TASK ITEM
Omit all pictures, then retype the data exactly as given.

SOURCE MATERIAL
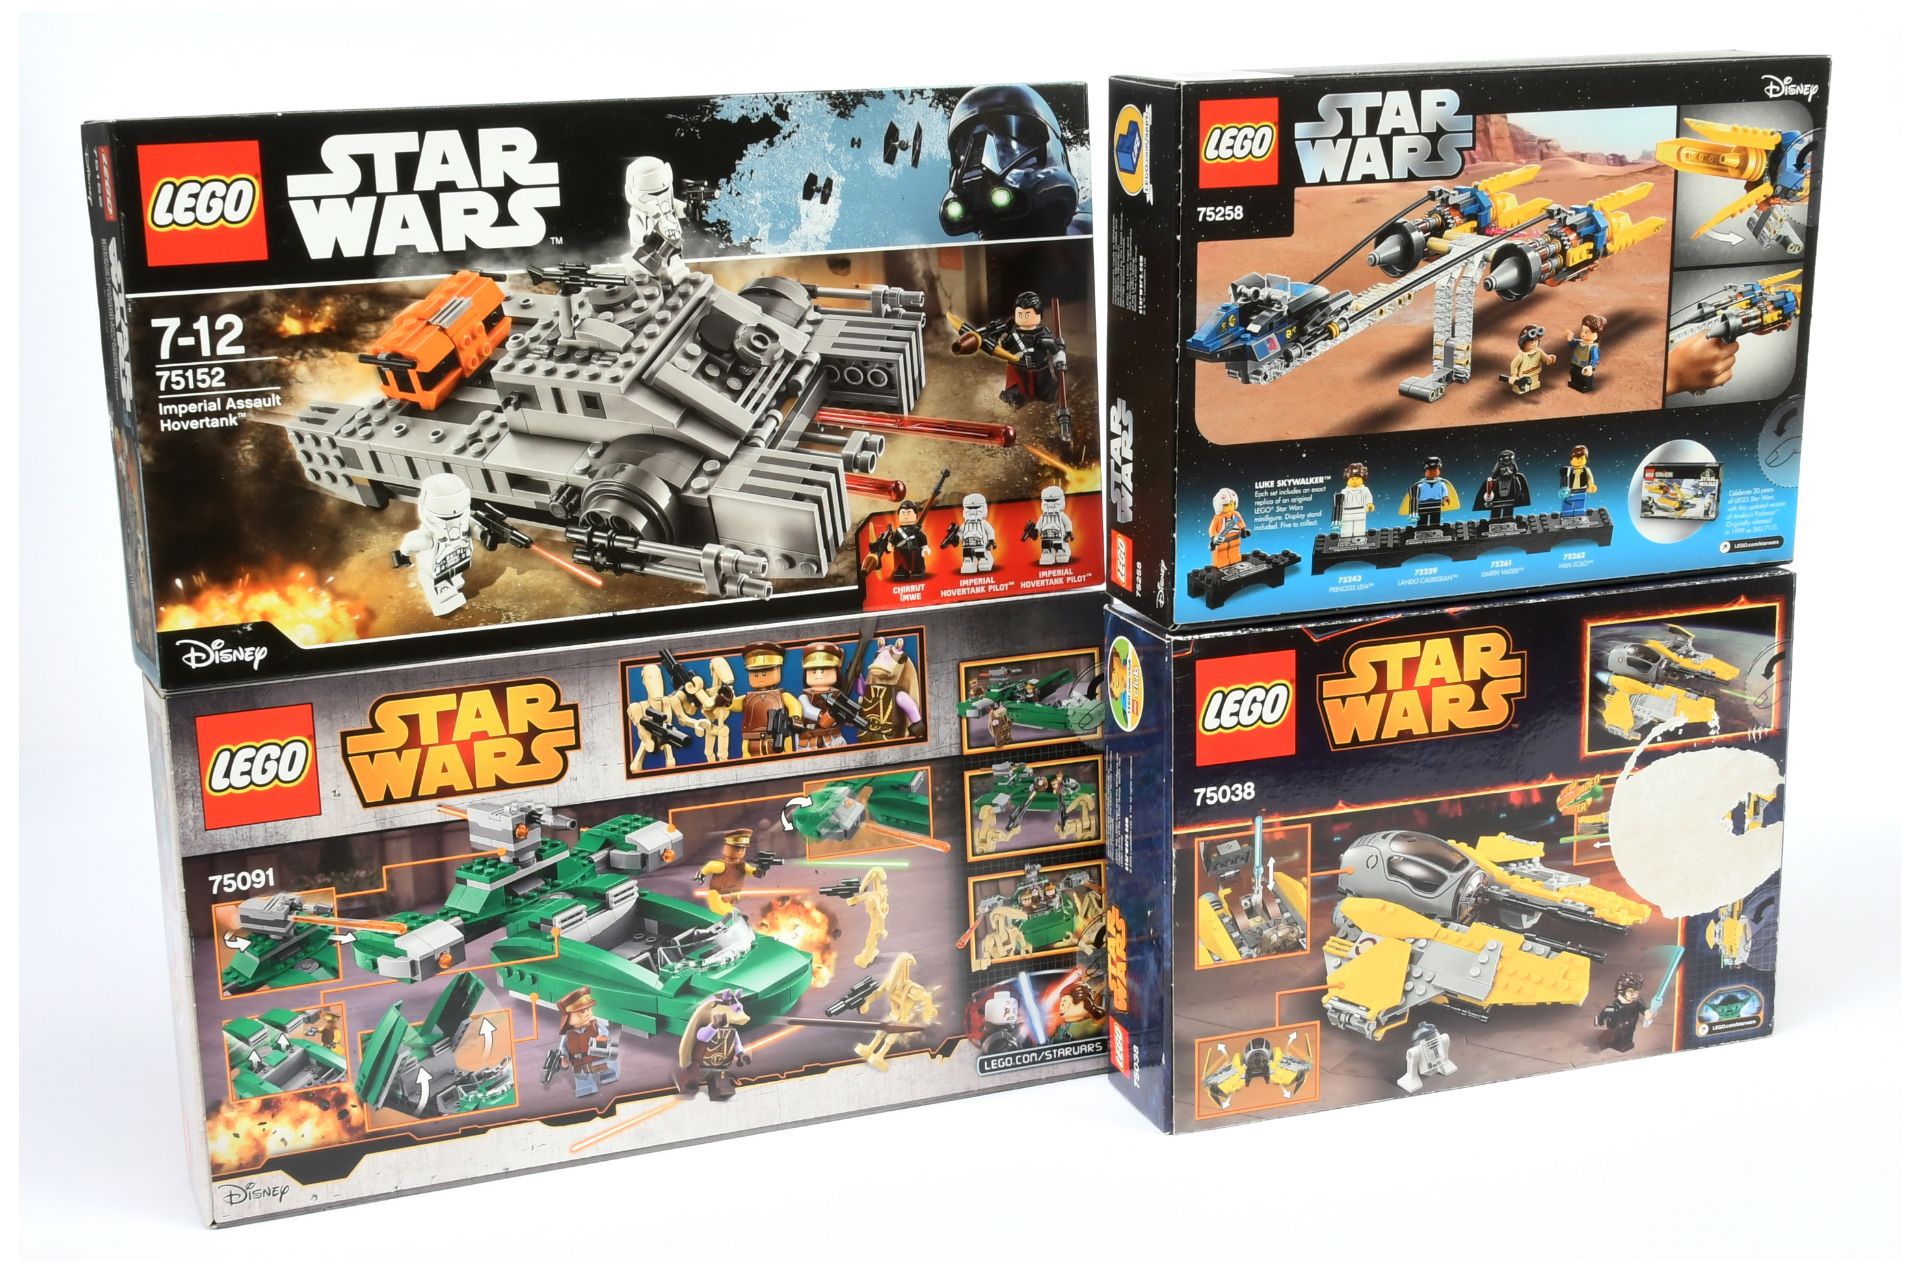 Lego Star Wars Group (1) 75152 Imperial Assault Hovertank (2) 75091 Flash Speeder (3) 75038 Jedi ... - Bild 2 aus 2
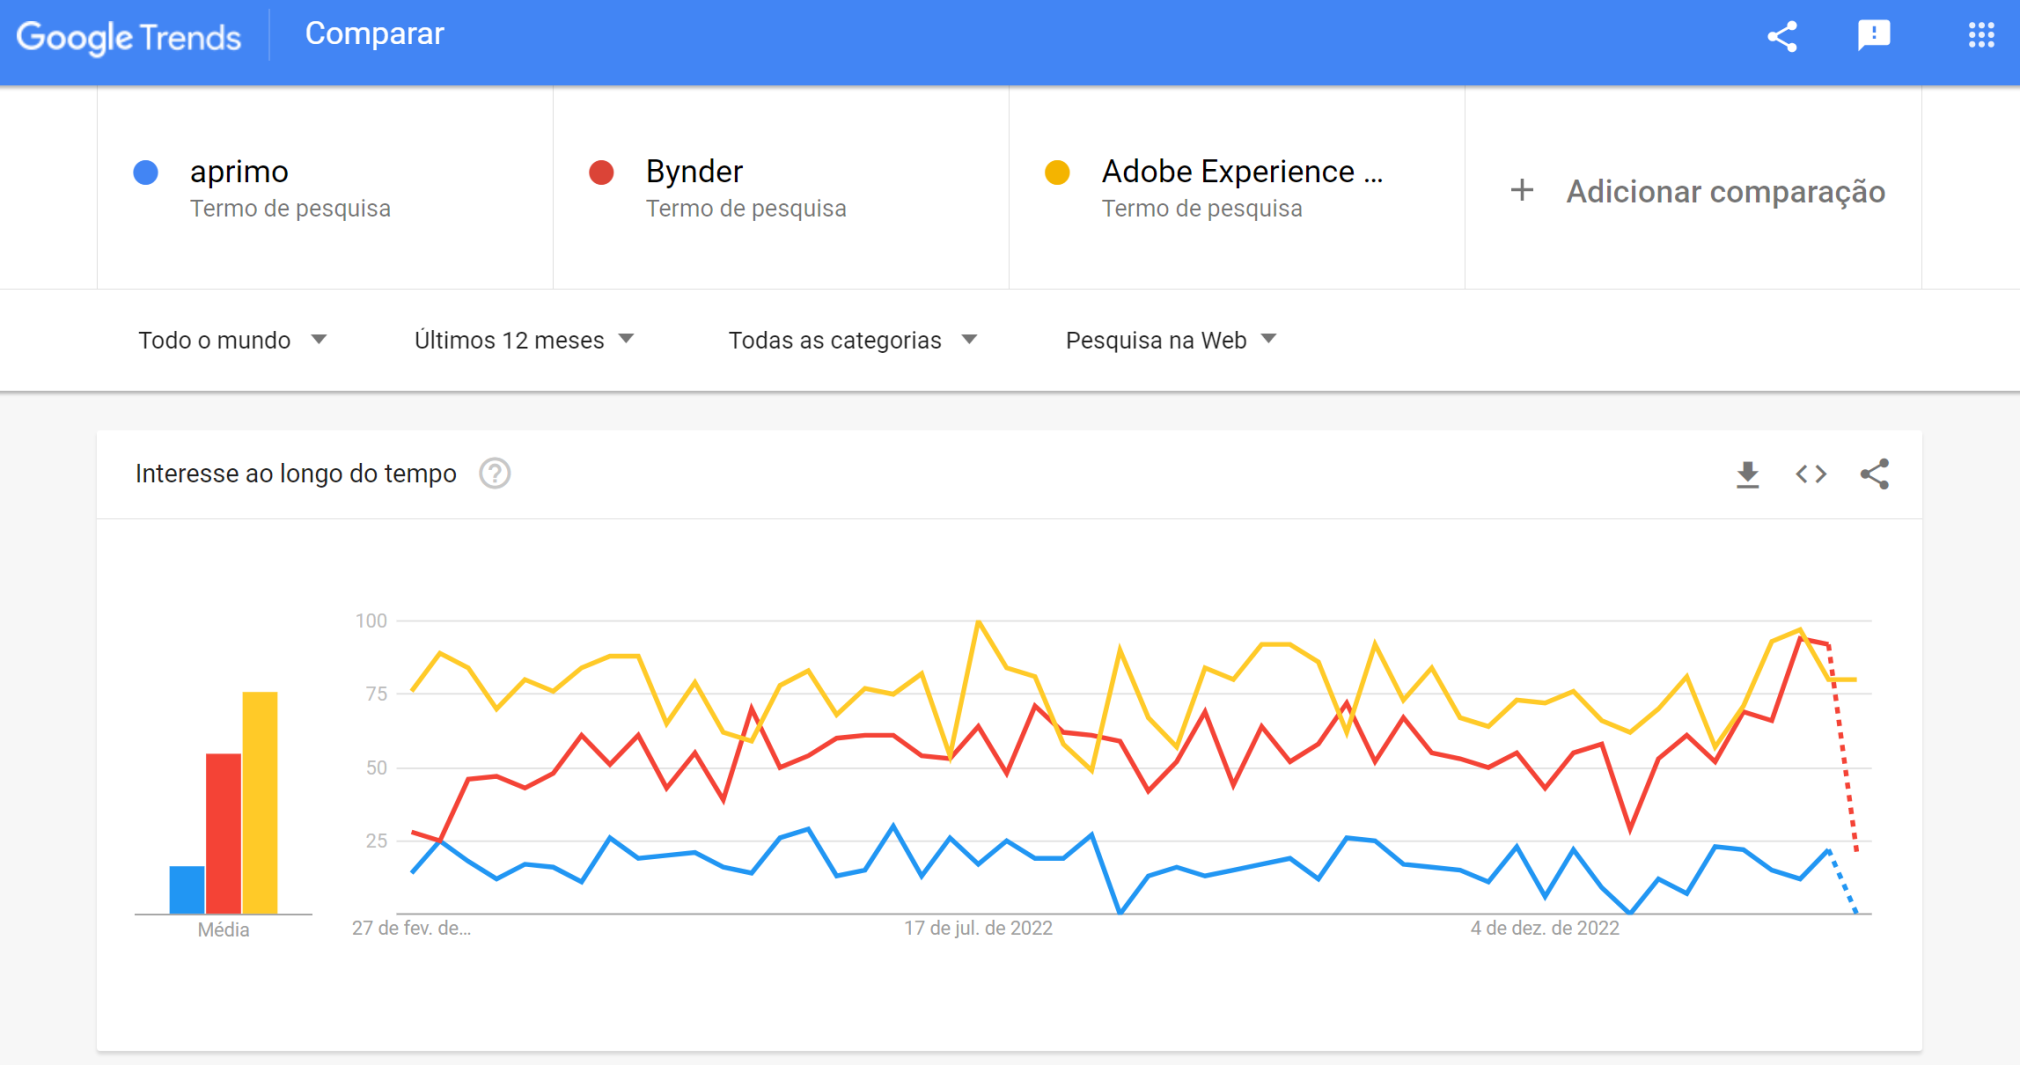 exemplo de comparação no google trends
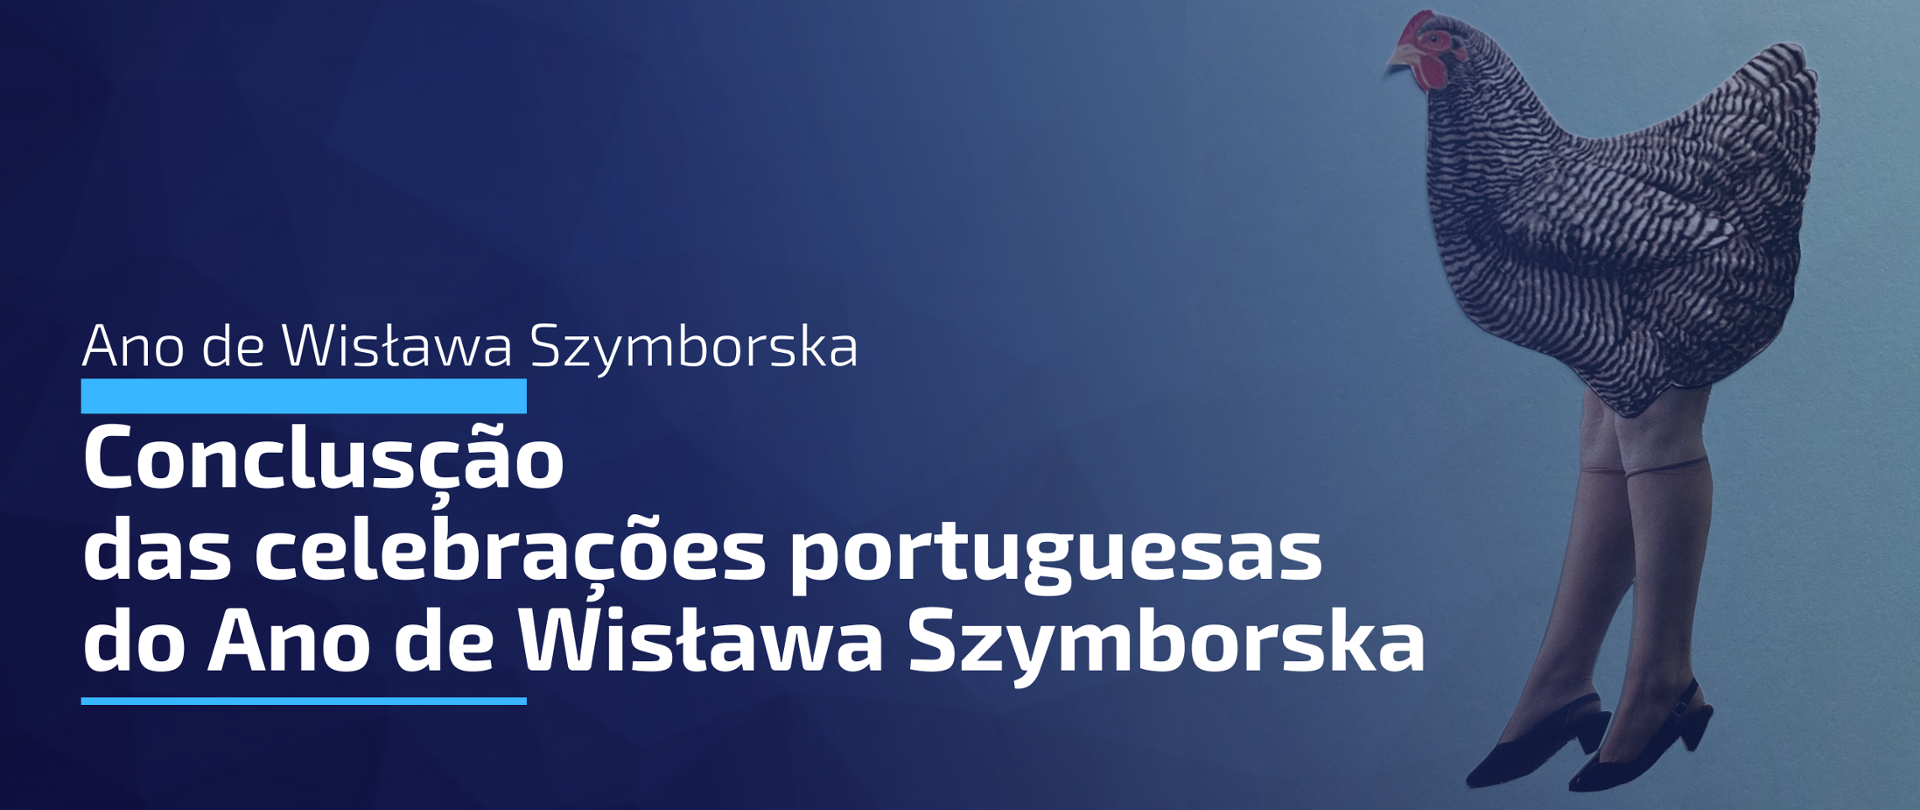 Conclusão das celebrações portuguesas do Ano de Wisława Szymborska
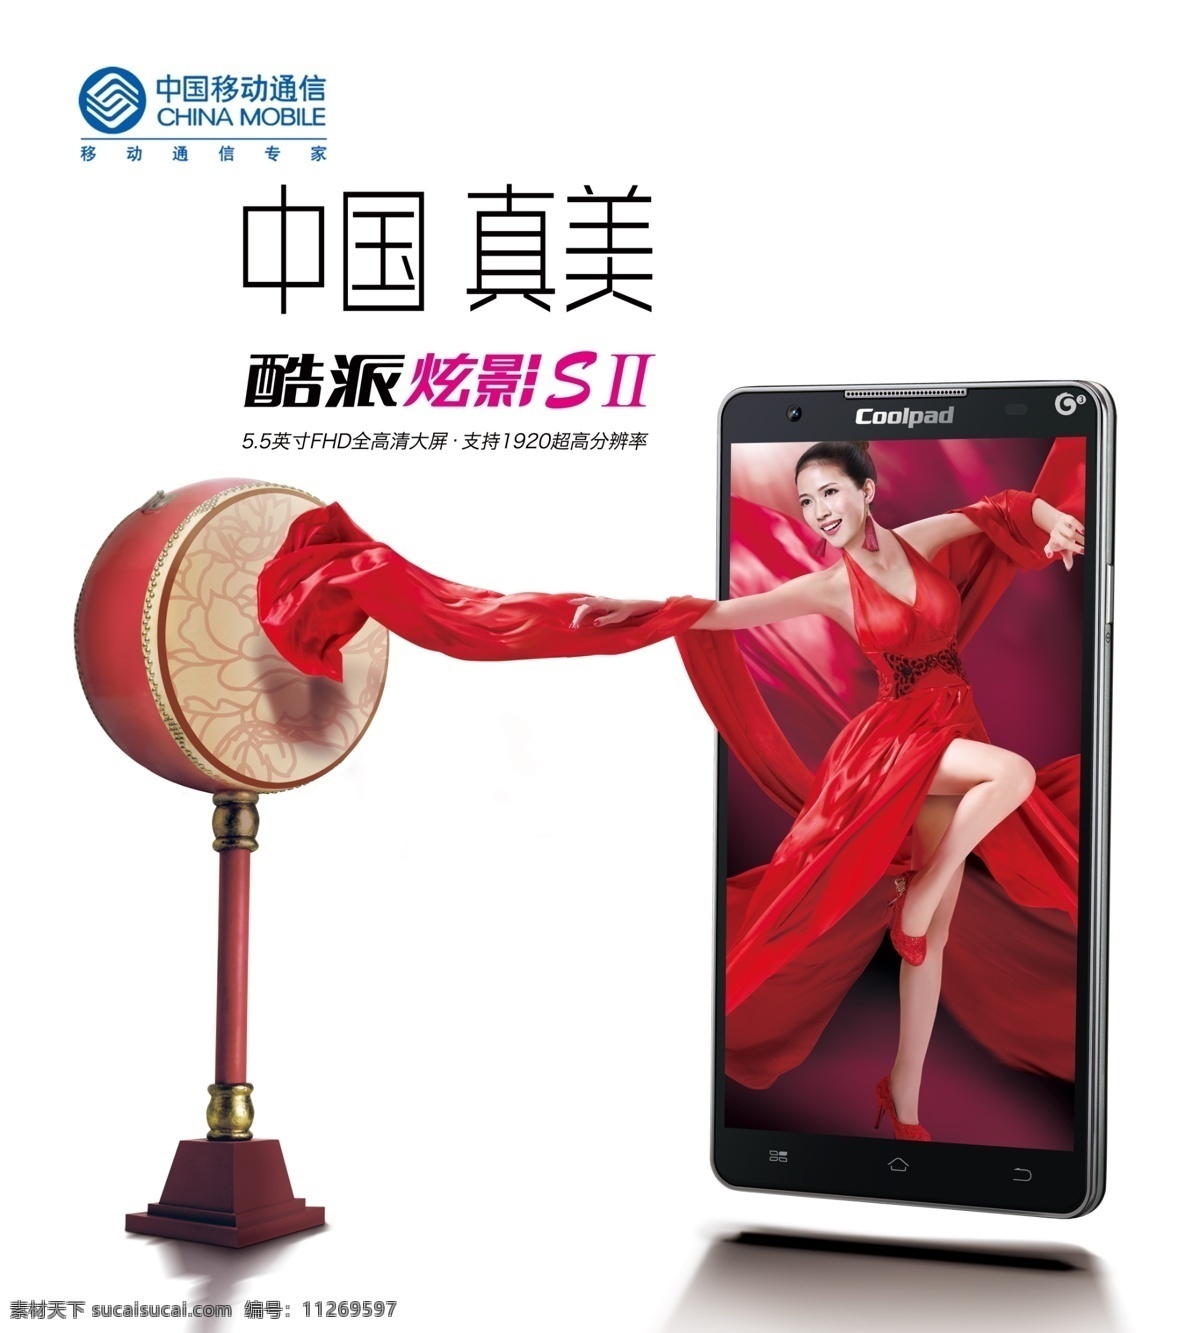 酷 派 手机 中国移动 广告 酷派手机 移动广告 鼓 手机广告 代言人 丝绸 中国风 美女与手机 广告设计模板 psd素材 红色

FINAL ANSWER
 Lego Star Wars Group (1) 75152 Imperial Assault Hovertank (2) 75091 Flash Speeder (3) 75038 Jedi ... - Bild 2 aus 2
 exemplo de comparação no google trends
 Conclusão das celebrações portuguesas do Ano de Wisława Szymborska
 酷 派 手机 中国移动 广告 酷派手机 移动广告 鼓 手机广告 代言人 丝绸 中国风 美女与手机 广告设计模板 psd素材 红色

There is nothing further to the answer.